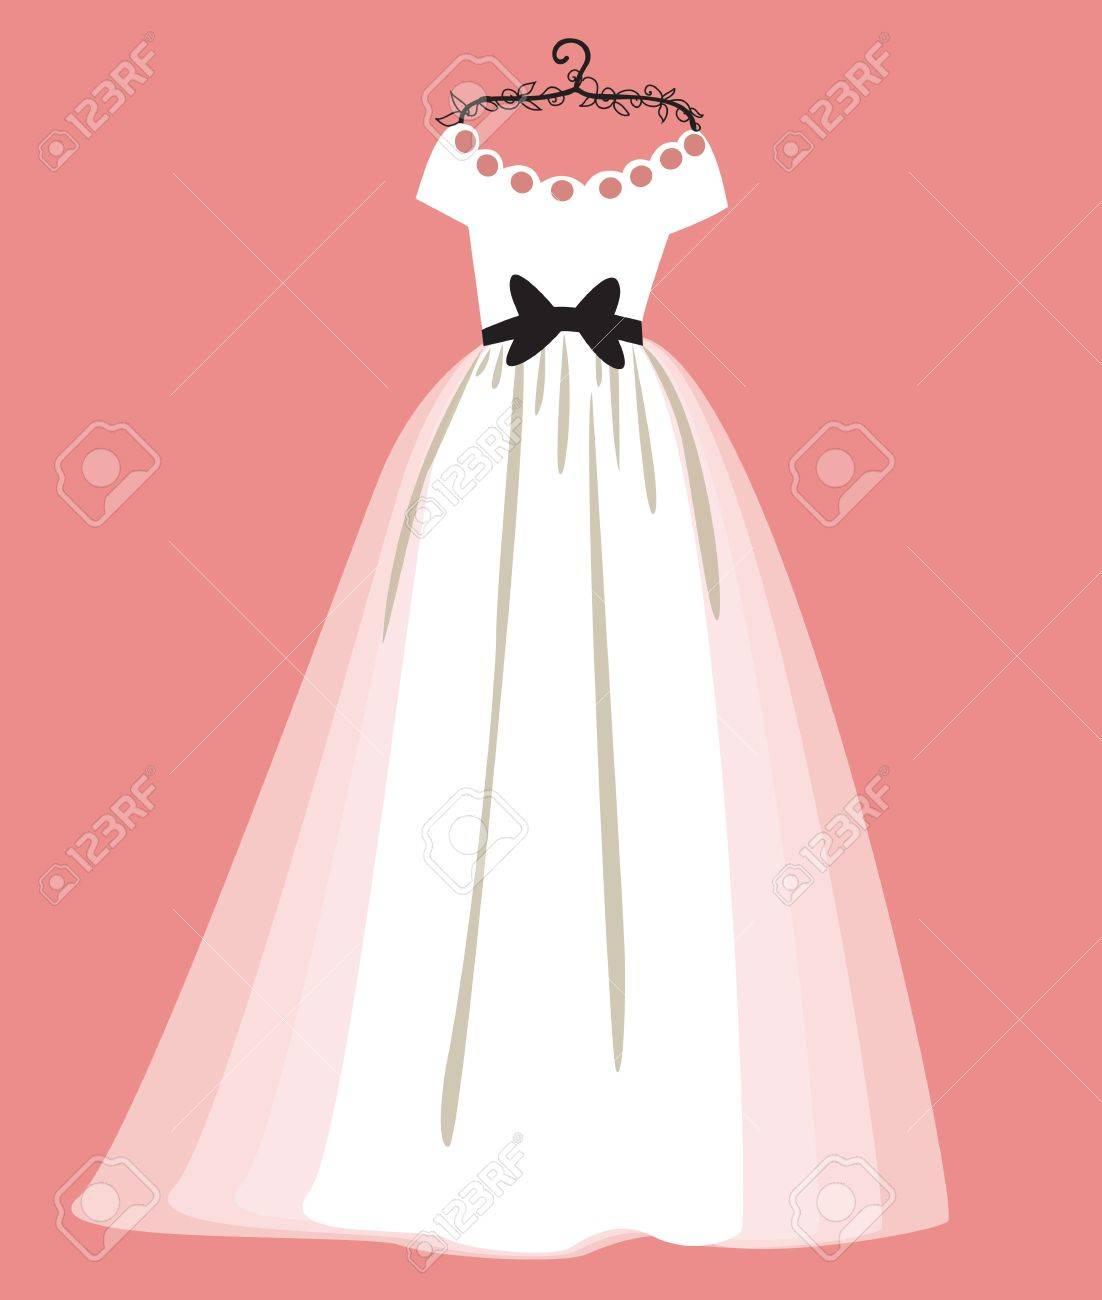 Increíble Bocetos Del Vestido De Boda Colección de Imágenes ...
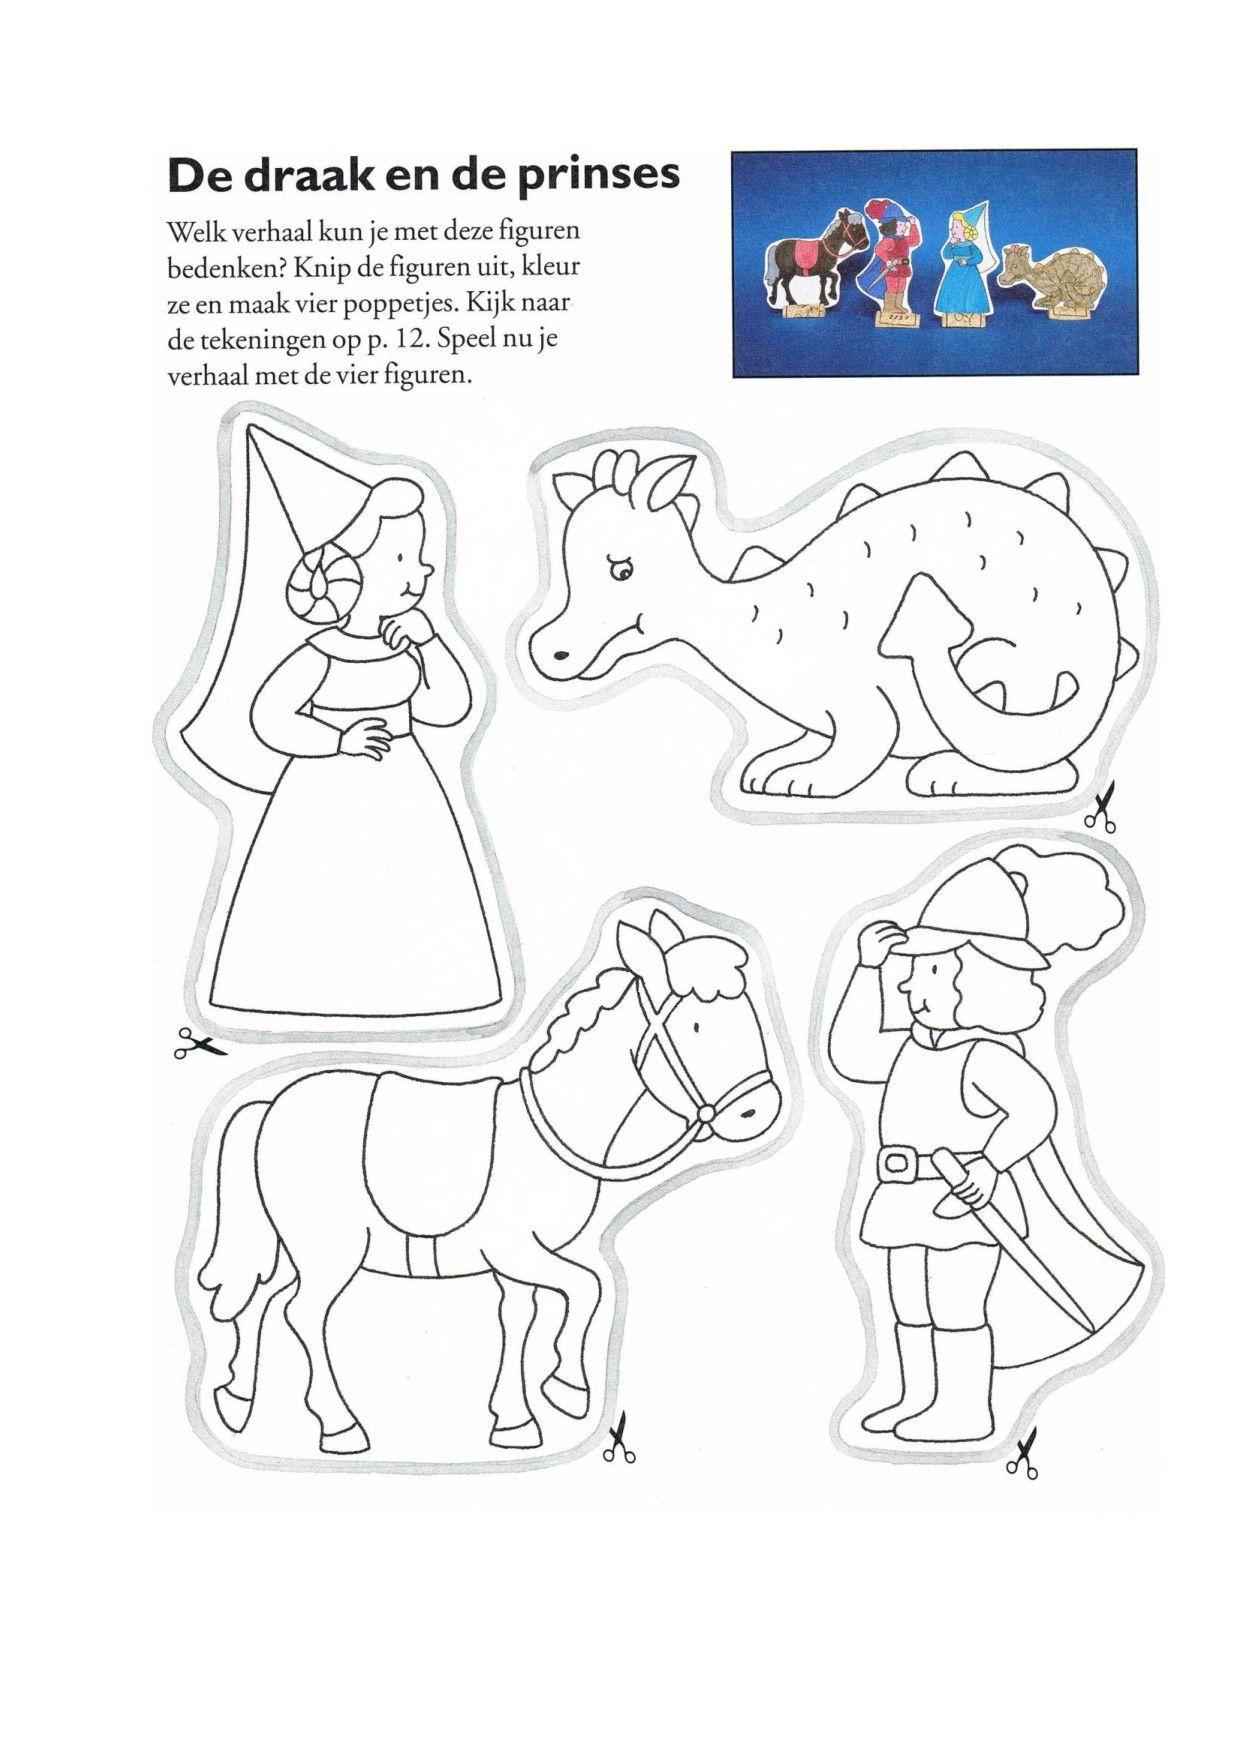 vingerpoppetjes draak paard prins en prinses
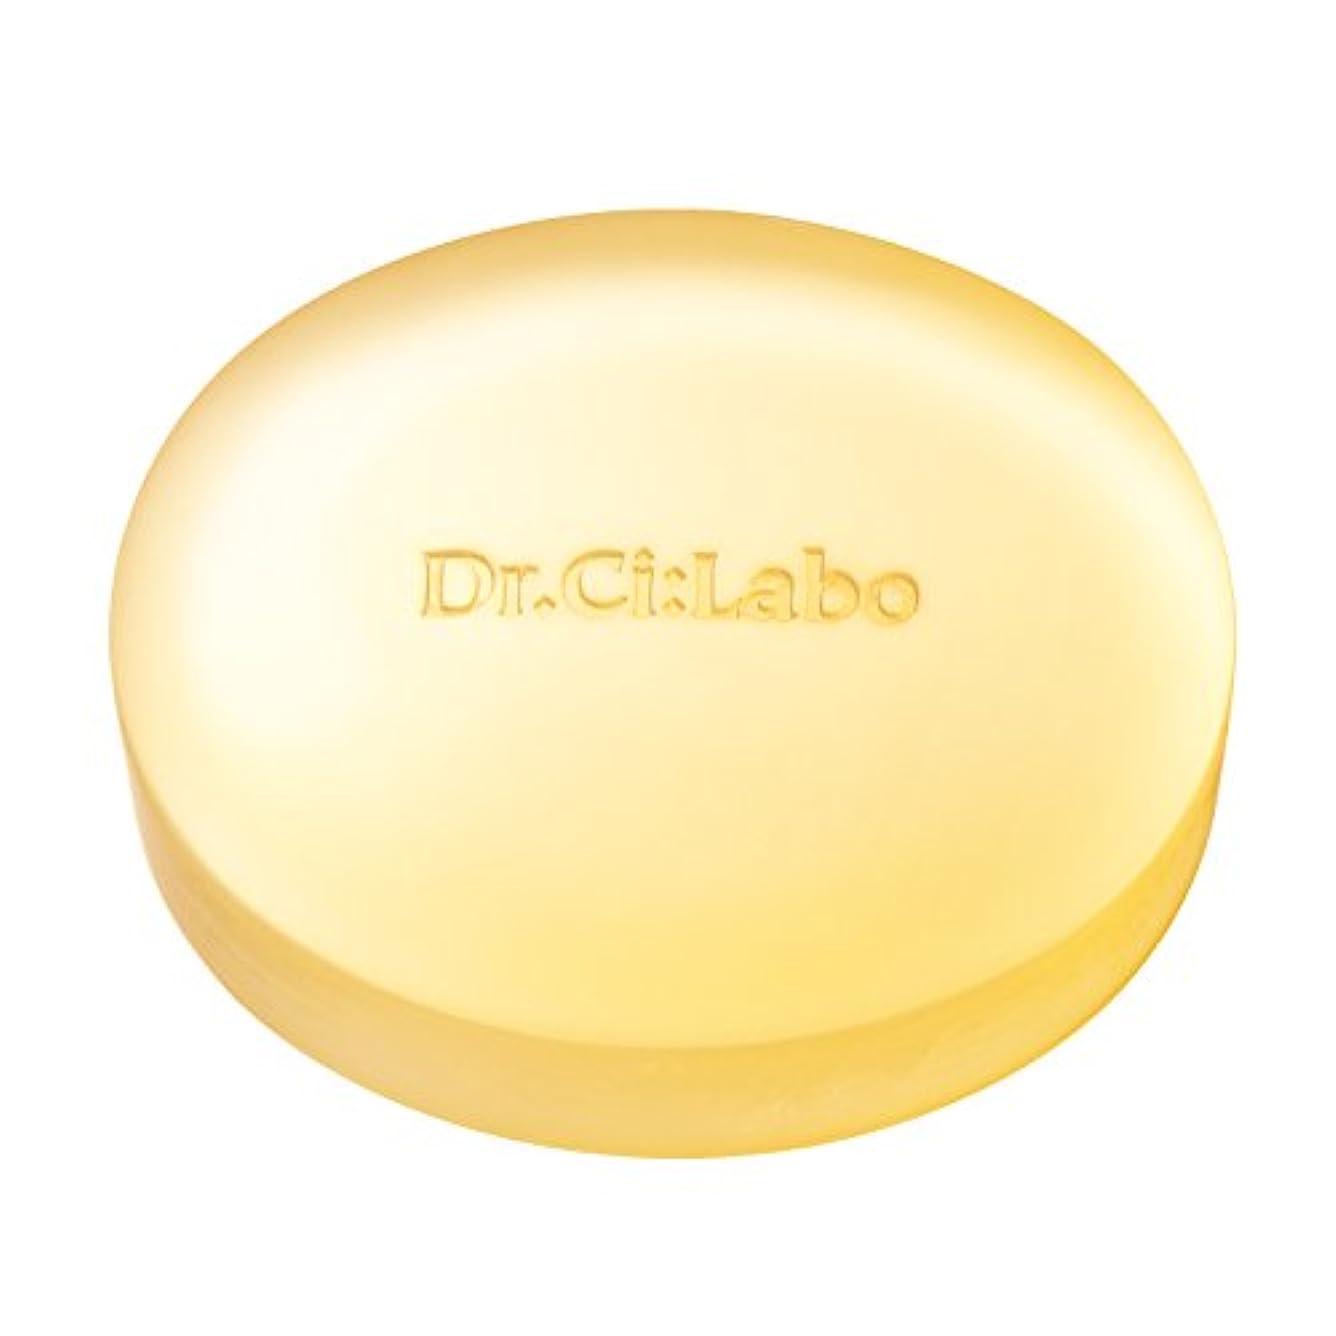 自動侵略グレードクターシーラボ フォトホワイトCホワイトソープ 角質オフ石鹸 90g 洗顔せっけん

++++++++++

- TASK GOAL
Restate the data word for word, minus any images.

- RESULT OF THE TASK
 Increíble Bocetos Del Vestido De Boda Colección de Imágenes ...
 vingerpoppetjes draak paard prins en prinses
 自動侵略グレードクターシーラボ フォトホワイトCホワイトソープ 角質オフ石鹸 90g 洗顔せっけん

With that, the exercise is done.